## RECORDED INFORMATION
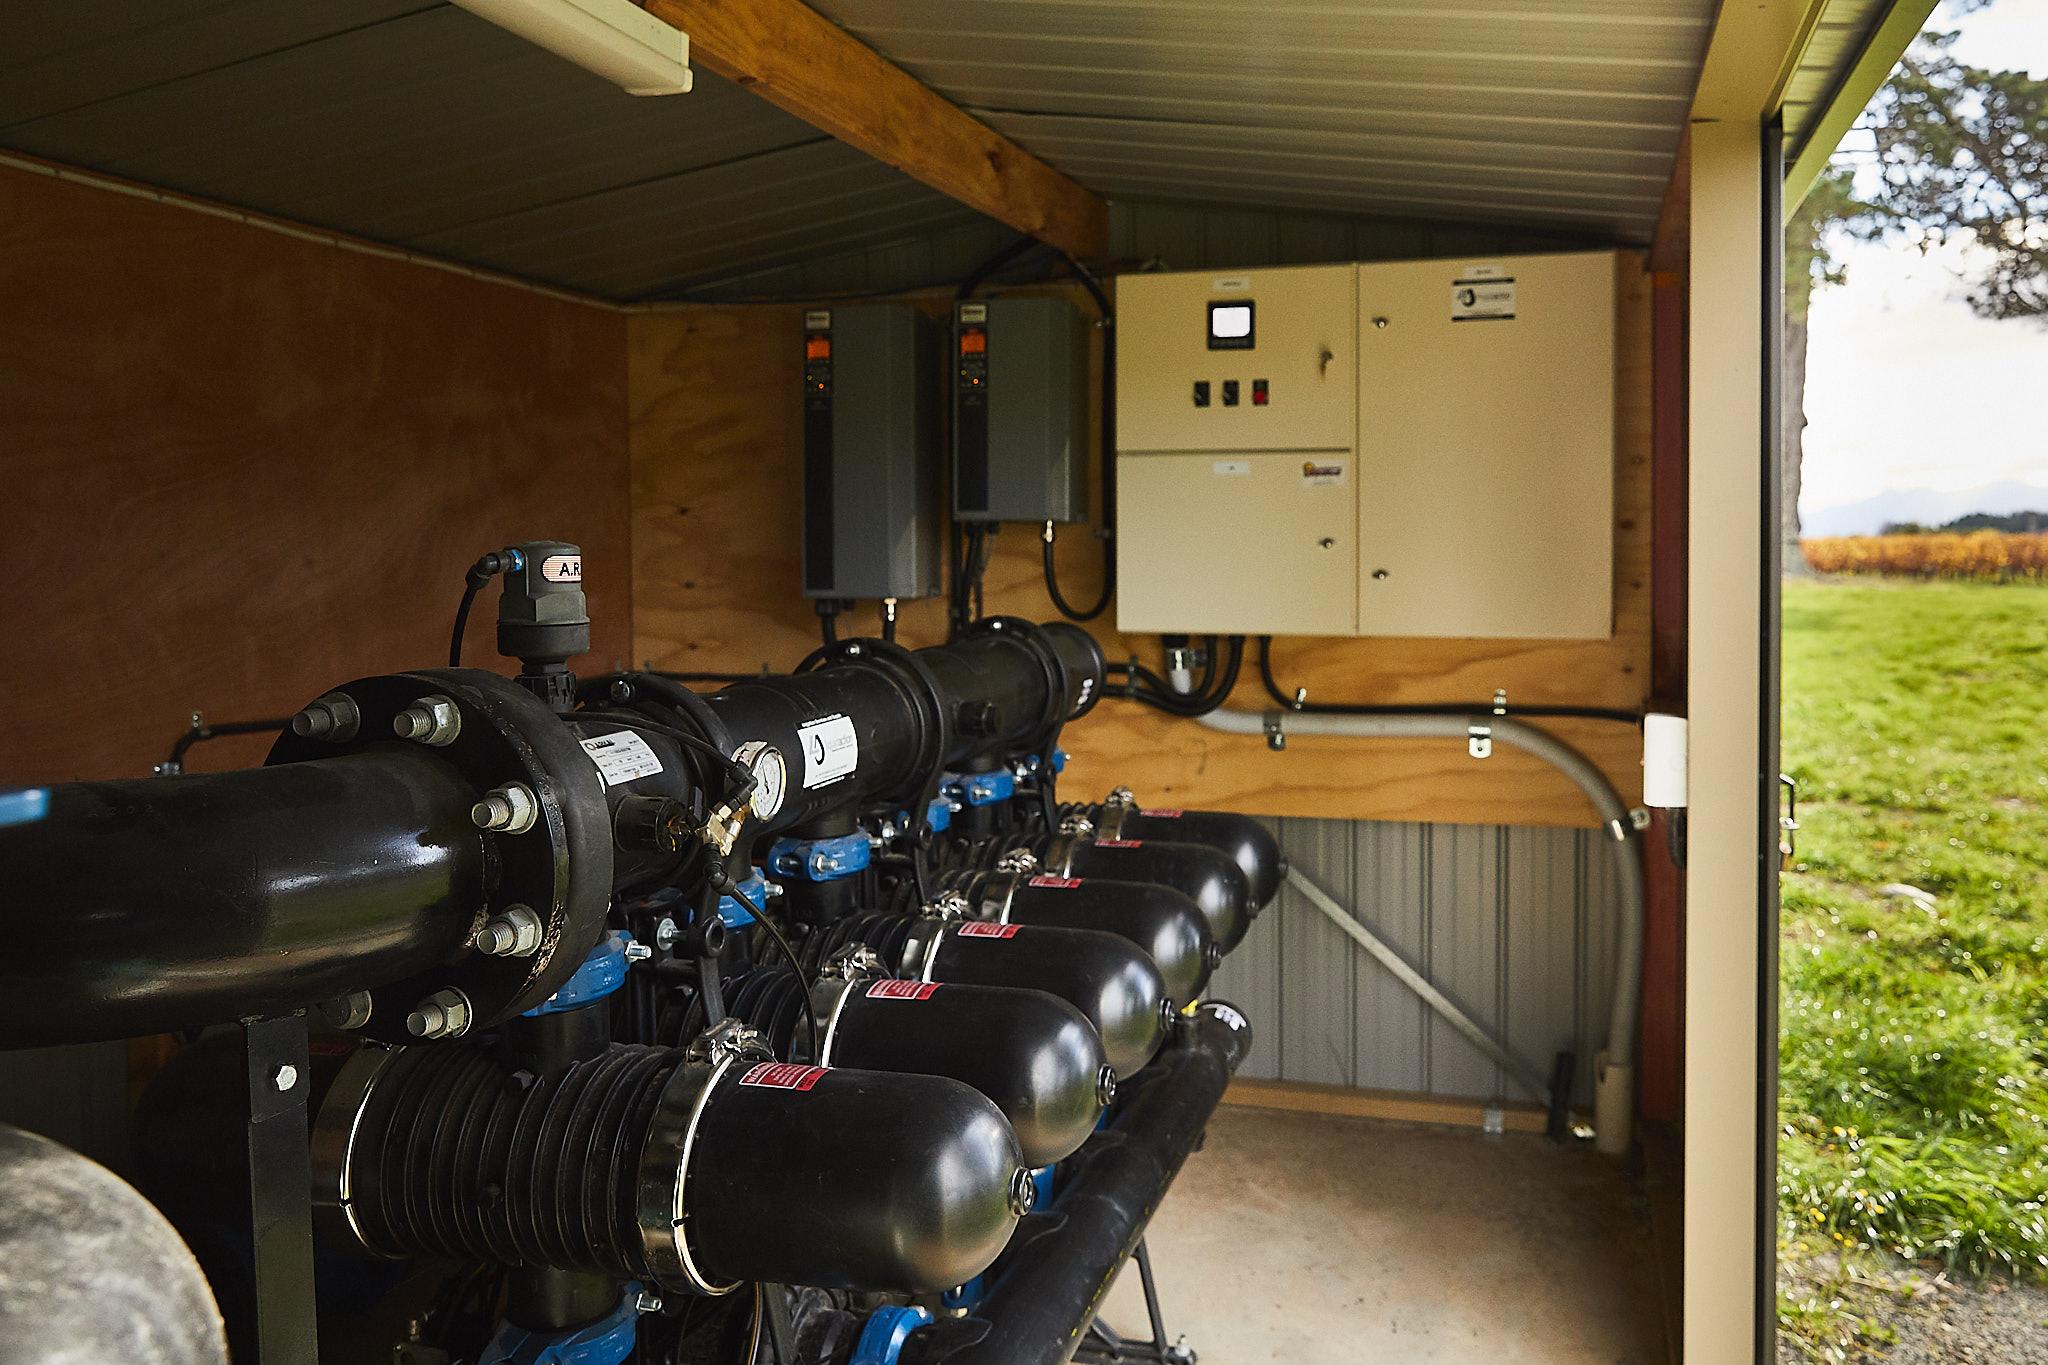 Pumps & Filtration - • Commercial & Domestic Pumps• Irrigation Pumps• Effluent Pumps• Commercial & domestic filtration
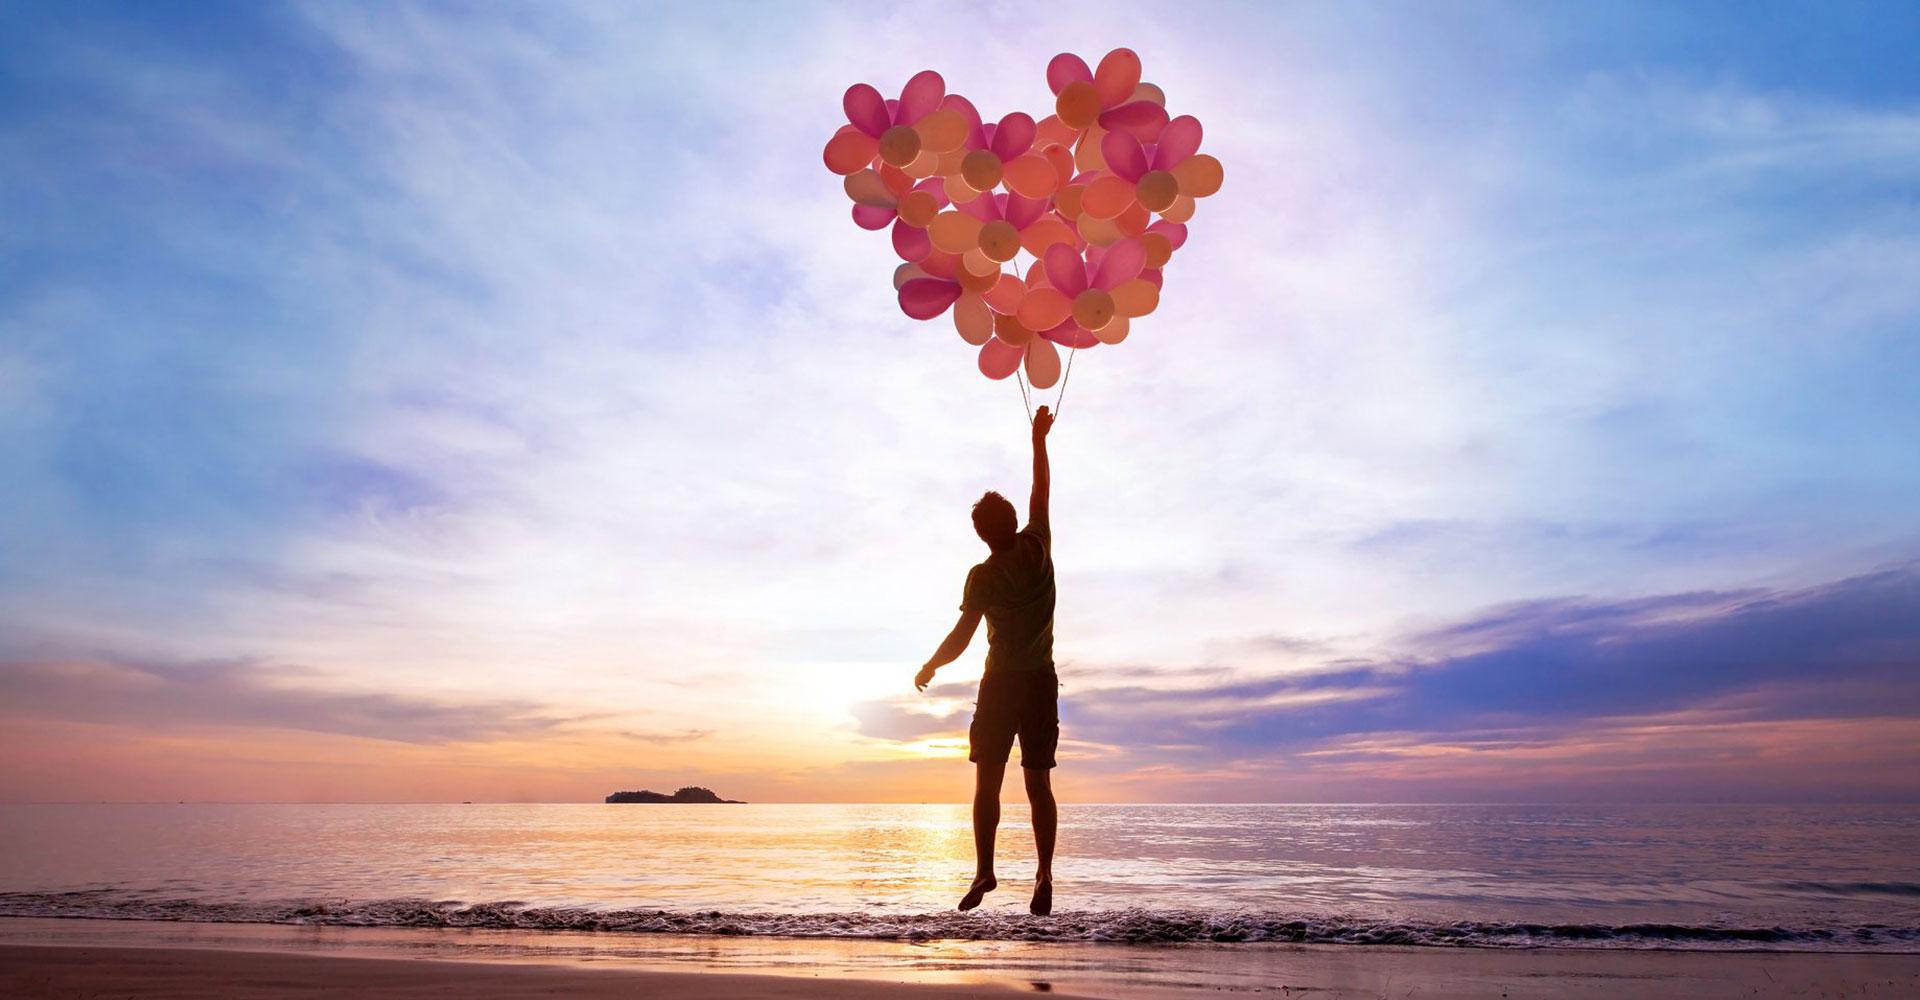 slide-beach-baloons
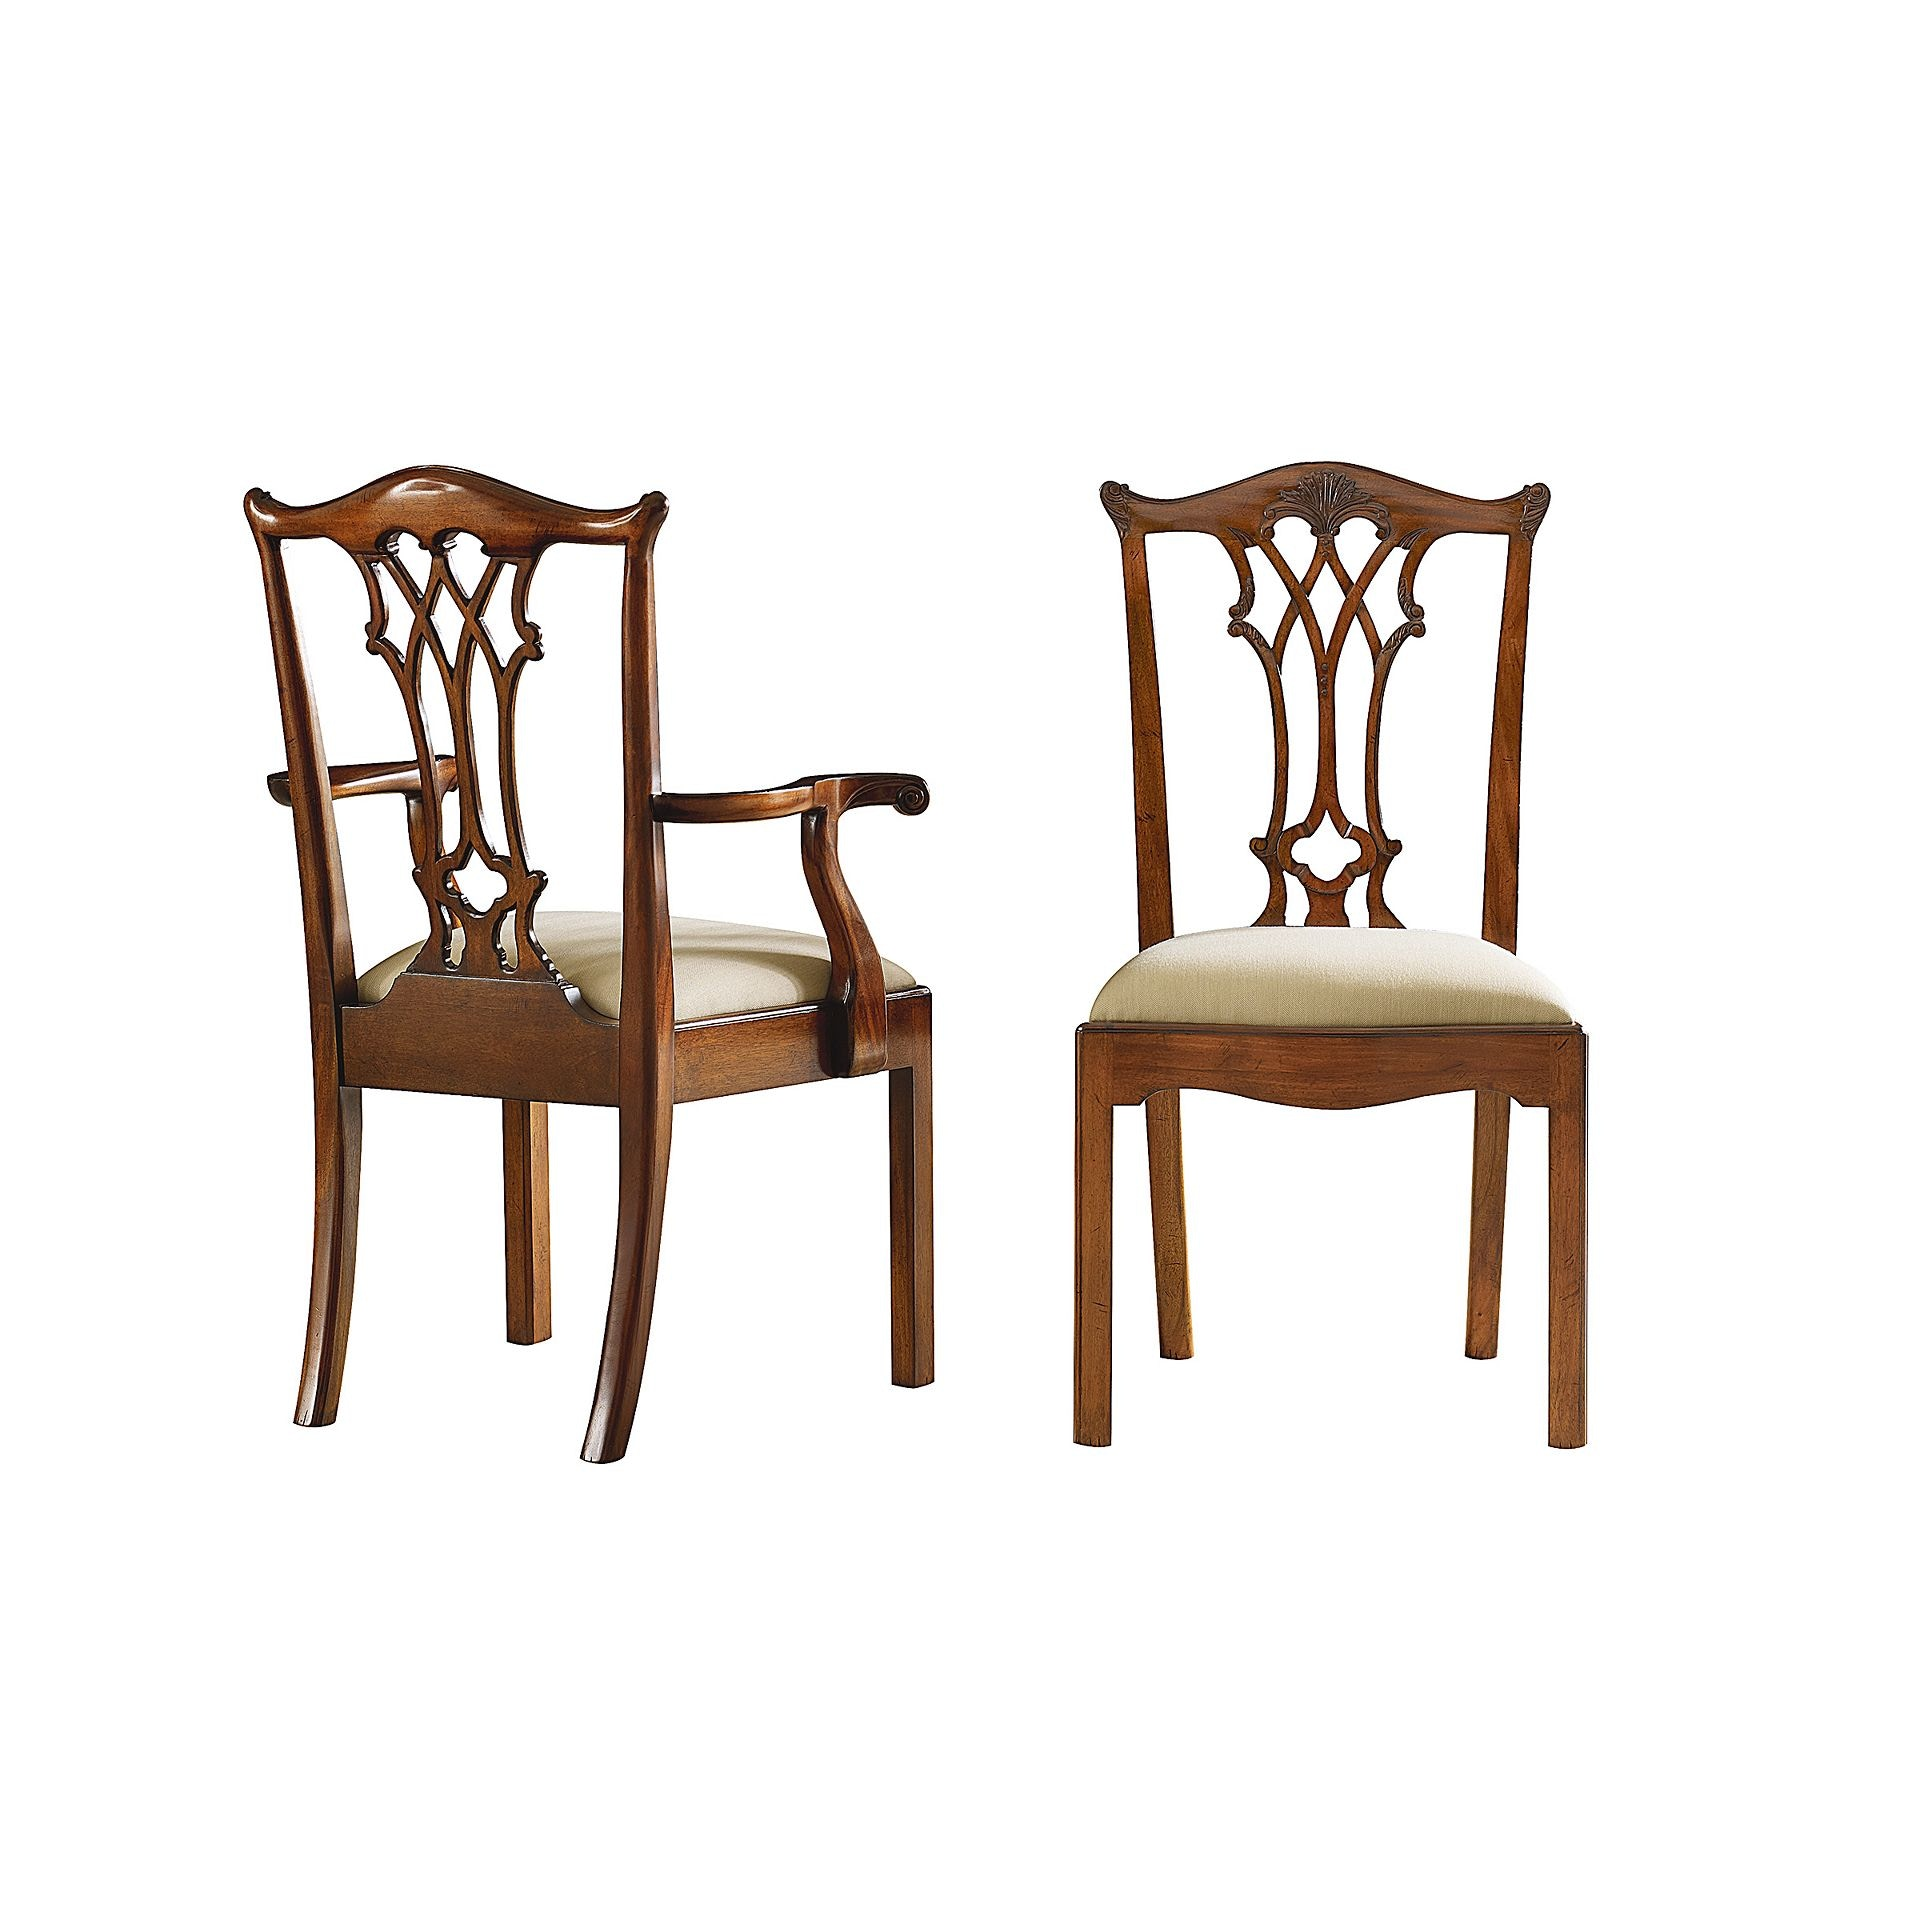 Henredon Furniture Aston Court Arm Chair 9600 27

## PROBLEM
Top to bottom, retype the listing exactly but drop every picture.

## PROBLEM SOLUTION
 Pumps & Filtration - • Commercial & Domestic Pumps• Irrigation Pumps• Effluent Pumps• Commercial & domestic filtration
 slide-beach-baloons
 Henredon Furniture Aston Court Arm Chair 9600 27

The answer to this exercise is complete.